運が悪い。もうすぐ車道というところで、信号が点滅しだした。しかたない、次に青になるのを待とう。いくら車どおりがなくても、自分の良心が「赤信号は渡るな」と語りかけてくる。ぼけーっとしていると、子供たちがワイワイしながら、こっちに向かってくる。そして、子供たちが赤信号なのに道路を渡ろうとしている!
「おい、赤信号だぞ。危ないぞ」
僕がそう言うと、子供たちの反応は三者三葉だった。
「えー」
「無視しちゃえ」
「青信号になるのを待とうよ。このおじさんの言うとおりだよ」
おじさん? 僕はまだ、大学生なのに。ショックを受けていると、子供たちは道路を渡るのをやめていた。彼らには、まだ良心があったらしい。

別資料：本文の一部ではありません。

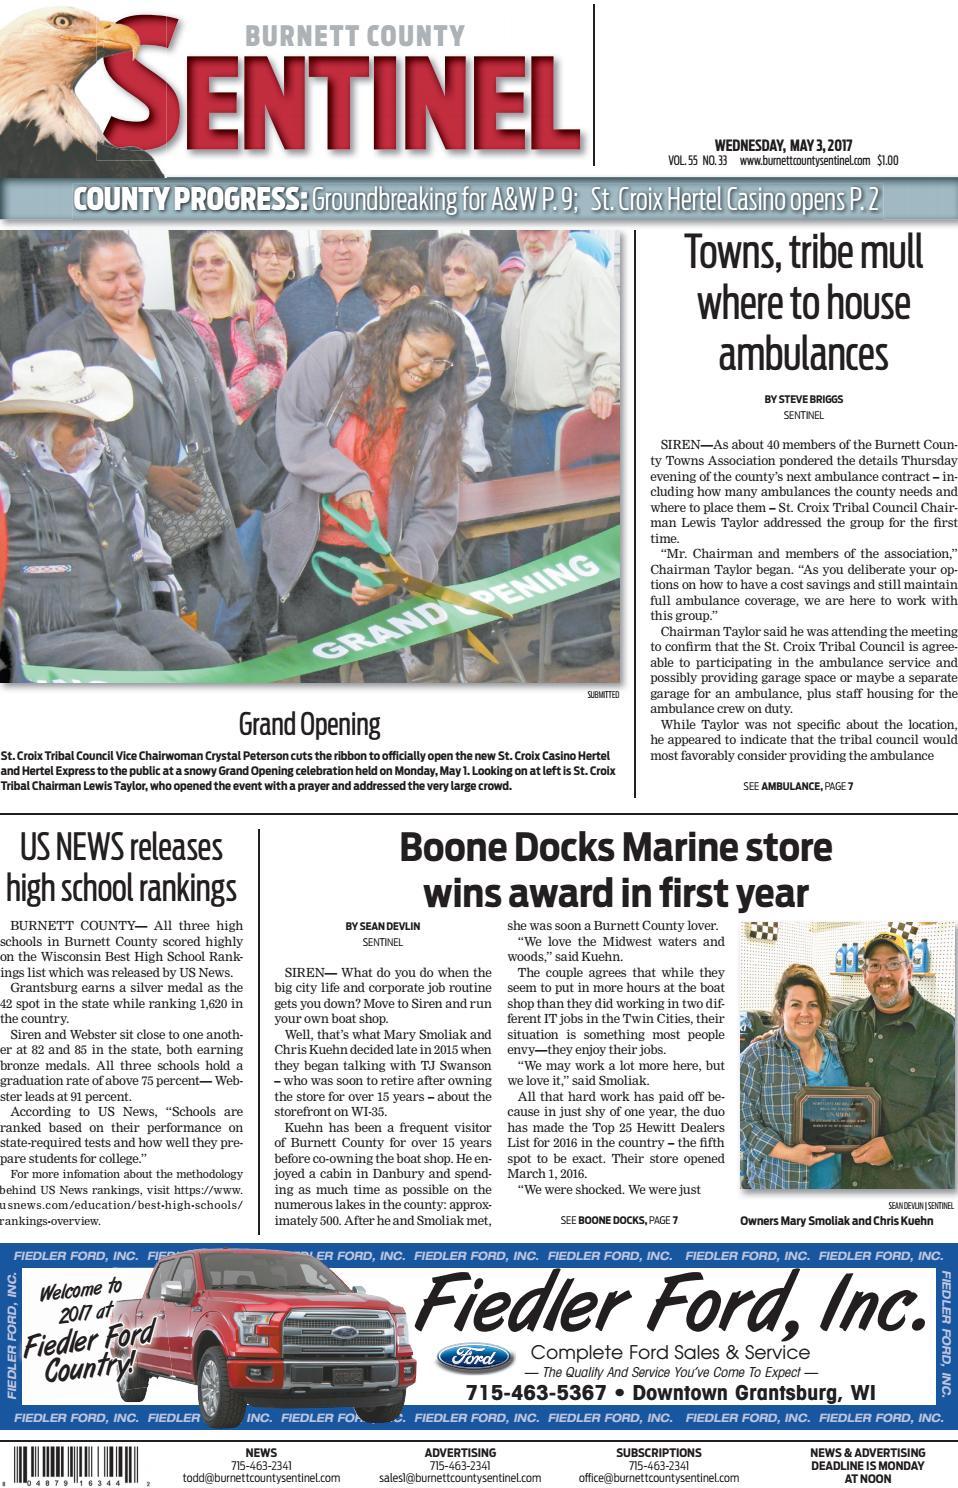 3f9d8dcfacb Burnett County Sentinel 05 03 17 by Burnett County Sentinel - issuu

その時、交差点を軽トラックが曲がってくる。大丈夫、三人とも僕の注意で赤信号を渡っていない。僕はほっとした。
次の瞬間、風がビューっと吹き荒れ、子供の帽子が吹き飛ばされる。
「あっ」
子供が帽子を追って車道に飛び出した! 僕の体は本能的に動いていた。子供を突き飛ばした瞬間、軽トラックが僕を跳ね飛ば……。